◆ EXERCISE PROMPT ◆
Output the complete listing exactly, please, and keep the pictures out of it.

===== DATA SECTION

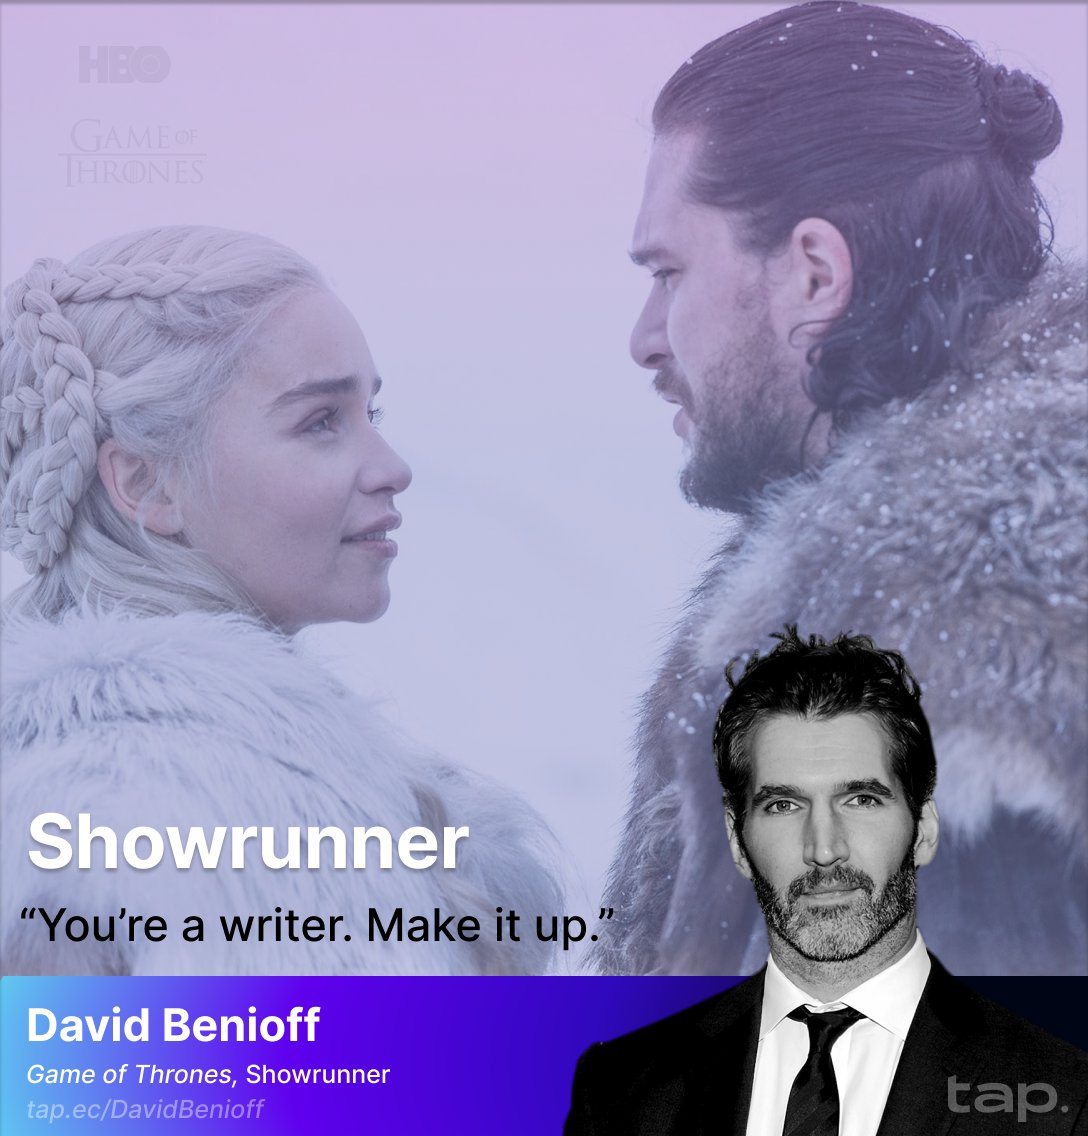 'Winter has come, but I'm still bringing the heat' 🔥 #GameOfThrones David Benioff is known showrunning the HBO fantasy television series @GameOfThrones . 
Join tap. to connect and network other verified showrunners!
#Showrunner #TVProduction #TVDirecting #TVShow #Television
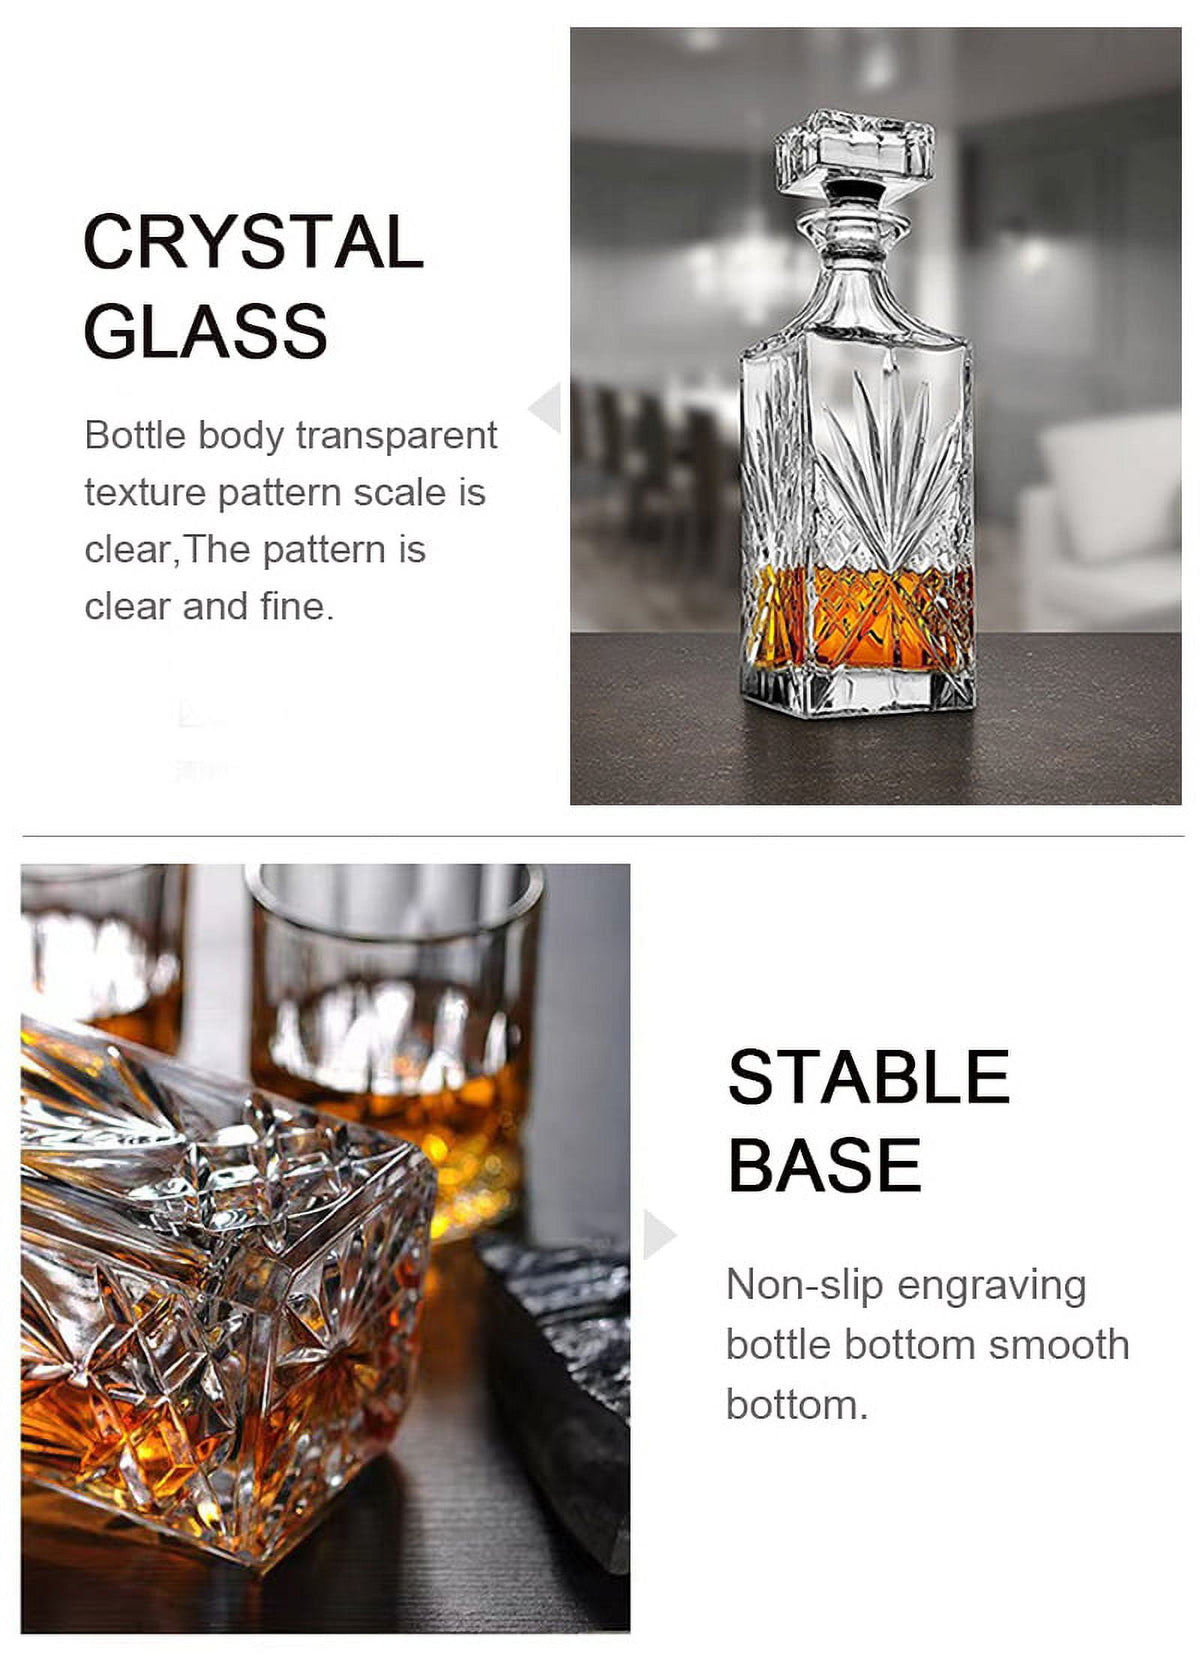 Whiskey Decanter Set with Glasses, 5Pcs - Premium Gift Box for Men and Women - Rock Tumblers and Bottle for Bourbon, Cognac, and Liquo,Rum,Liquor - Old Fashioned Glassware

==========

◆ FINISHED TASK ◆
 'Winter has come, but I'm still bringing the heat' 🔥 #GameOfThrones David Benioff is known showrunning the HBO fantasy television series @GameOfThrones . 
Join tap. to connect and network other verified showrunners!
#Showrunner #TVProduction #TVDirecting #TVShow #Television
 Whiskey Decanter Set with Glasses, 5Pcs - Premium Gift Box for Men and Women - Rock Tumblers and Bottle for Bourbon, Cognac, and Liquo,Rum,Liquor - Old Fashioned Glassware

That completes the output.